The court pronounced that:

“21. One aspect that clearly emerges from the reading of these two circulars is that the Government itself has taken the position that where the whole of excise duty or service tax is exempted, even the education cess, as well as secondary and higher education cess, would not be payable. These circulars are binding on the Department. 22. Even otherwise, we are of the opinion that it is more rational to accept the aforesaid position as clarified by the Ministry of Finance in the aforesaid circulars. Education cess is on excise duty. It means that those assessees who are required to pay excise duty have to shell out education cess as well. This education cess is introduced by Sections 91 to 93 of the Finance (No. 2) Act, 2004. As per Section 91 thereof, education cess is the surcharge which the assessee is to pay. Section 93 makes it clear that this education cess is payable on “excisable goods,” i.e., in respect of goods specified in the First Schedule to the Central Excise Tariff Act, 1985. Further, this education cess is to be levied @ 2% and calculated on the aggregate of all duties of excise which are levied and collected by the Central Government under the provisions of the Central Excise Act, 1944 or under any other law for the time being in force. Subsection (3) of Section 93 provides that the provisions of the Central Excise Act, 1944 and the Rules made thereunder, including those related to refunds and duties, etc. shall as far as may be applied in relation to levy and collection of education cess on excisable goods. A conjoint reading of these provisions would amply demonstrate that education cess as a surcharge is levied @ 2% on the duties of excise, which are payable under the Act. It can, therefore, be clearly inferred that when there is no excise duty payable, as it is exempted, there would not be any education cess as well, inasmuch as education cess @ 2% is to be calculated on the aggregate of duties of excise. There cannot be any surcharge when basic duty itself is NIL.”

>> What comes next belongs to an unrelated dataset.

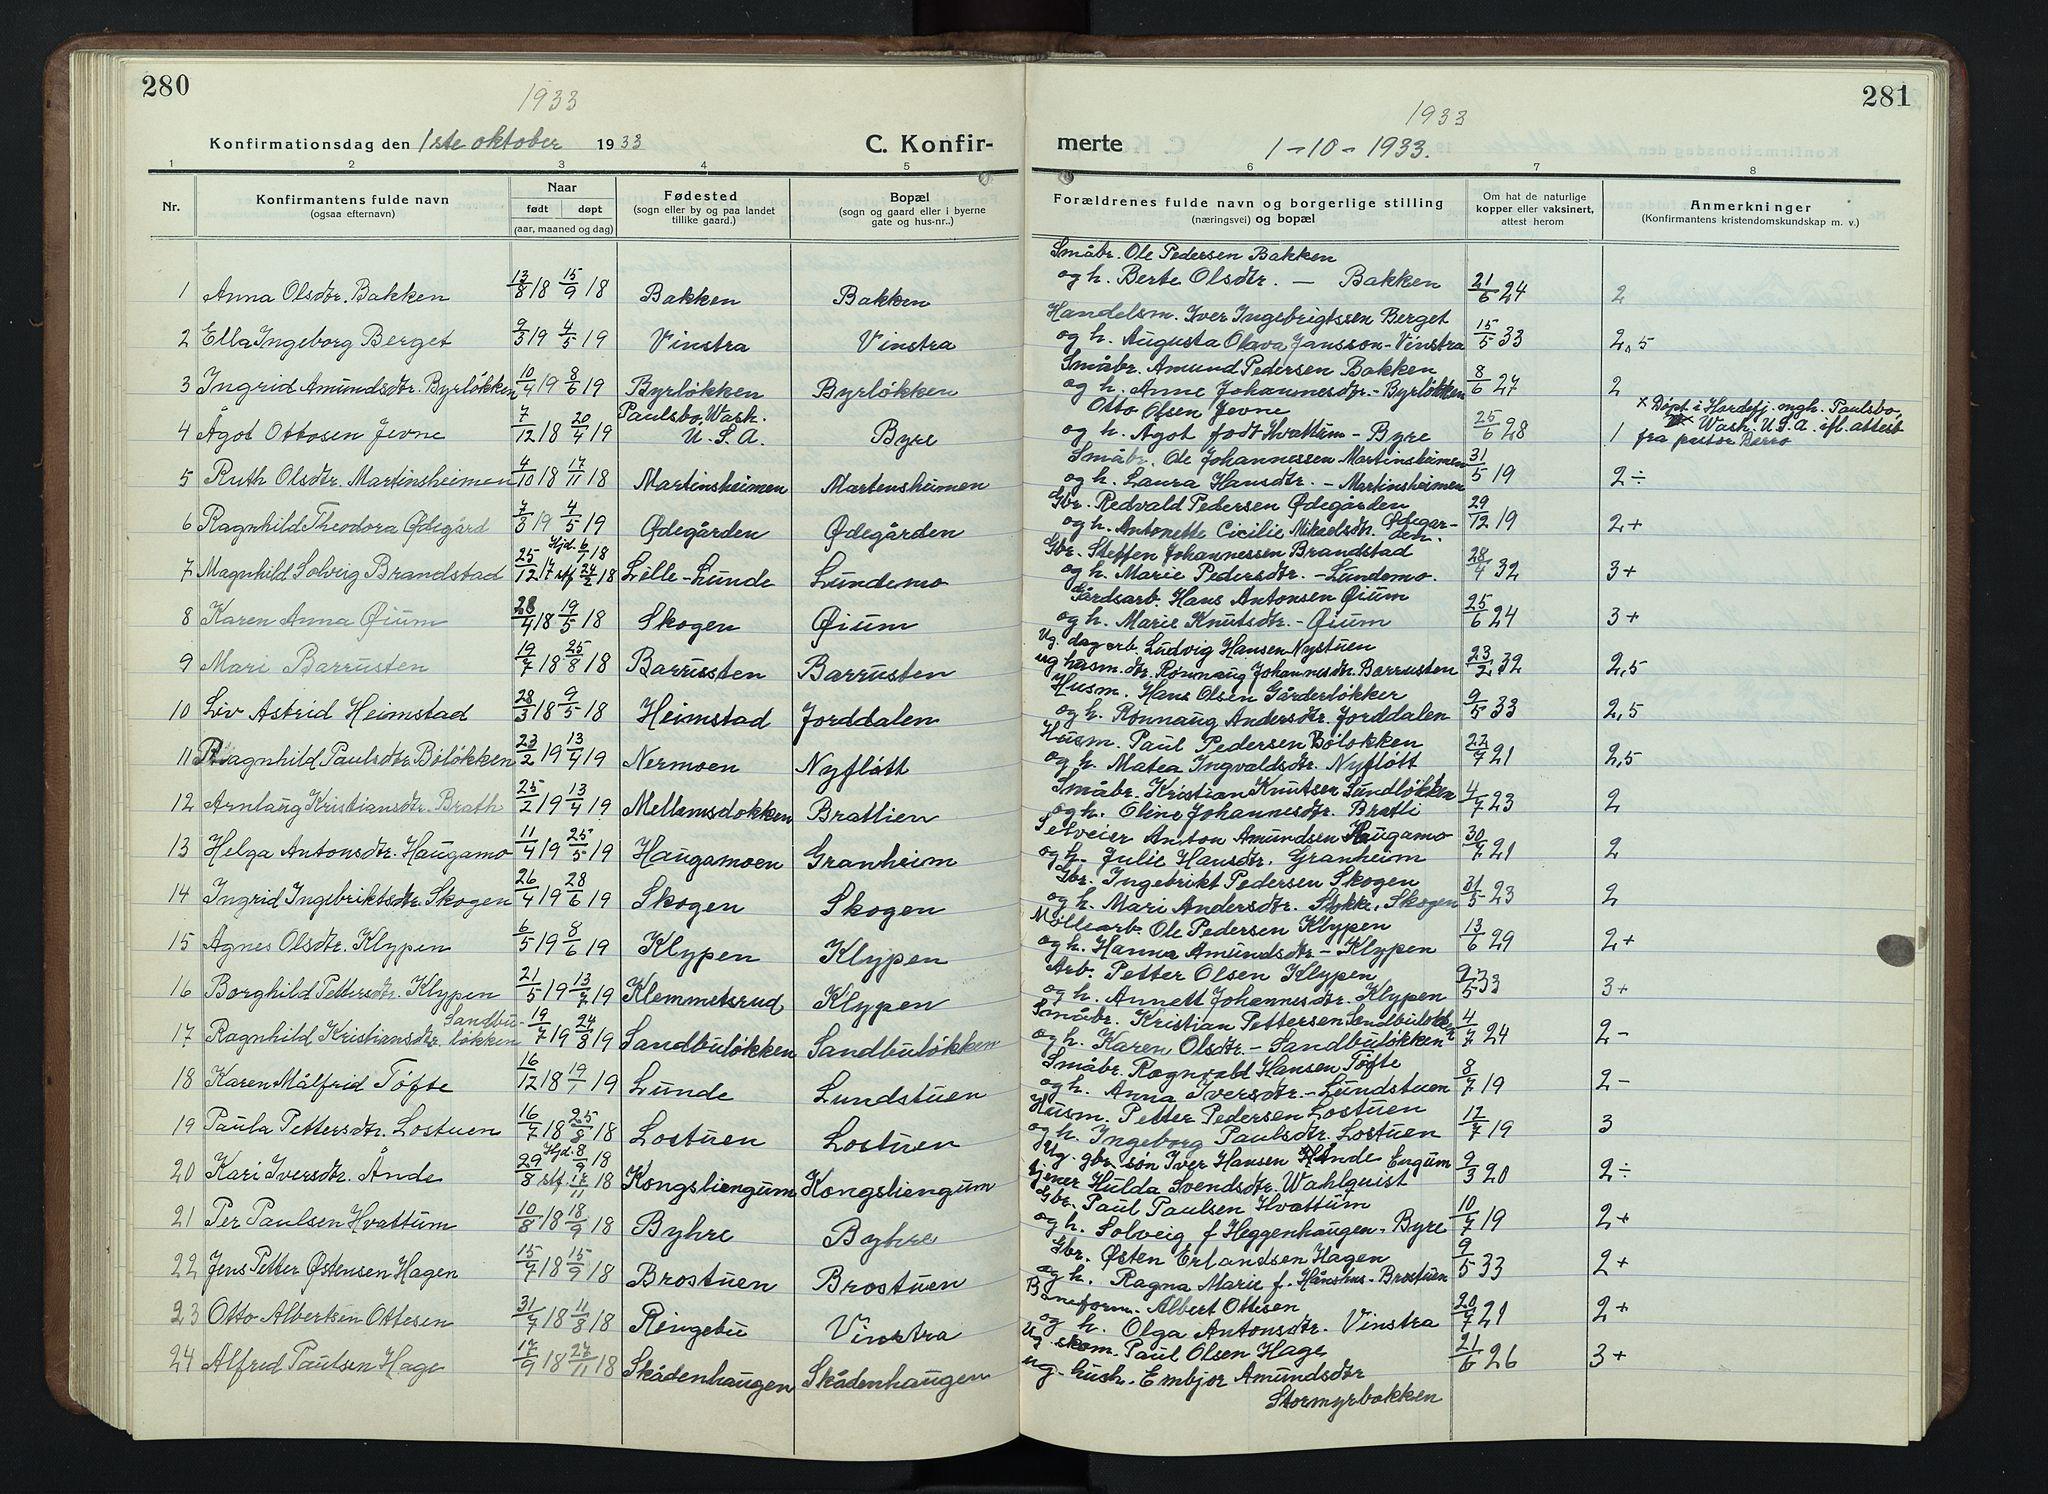 SAH, Nord-Fron prestekontor, Klokkerbok nr. 7, 1915-1946, s. 280-281

The decision of larger bench is binding on the smaller bench has been held by this Court in several decisions such as Mahanagar Railway Vendors’ Union v. Union of India & Ors. (1994) Suppl. 1 SCC 609, State of Maharashtra & Ors. v. Mana Adim Jamat Mandal, AIR 2006 SC 3446 and State of Uttar Pradesh & Ors. v. Ajay Kumar Sharma & Ors. (2016) 15 SCC 289. The decision rendered in ignorance of a binding precedent and/or ignorance of a provision has been held to be per incuriam in Subhash Chandra & Ors. v. Delhi Subordinate Services Selection Board & Ors. (2009) 15 SCC 458, Dashrath Rupsingh Rathod v. State of Maharashtra (2014) 9 SCC 129, and Central Board of Dawoodi Bohra Community & Ors. v. State of Maharashtra & Ors. (2005) 2 SCC 673. It was held that a smaller bench could not disagree with the view taken by a larger bench. It is clear that before the Division Bench deciding SRD Nutrients Private Limited and Bajaj Auto Limited (supra), the previous binding decisions of three Judge Bench in Modi Rubber (supra) and Rita Textiles Private Limited (supra) were not placed for consideration.

The court pronounced that the decisions are binding on the Coordinate Bench and declared that it did not find any ground to take a different view.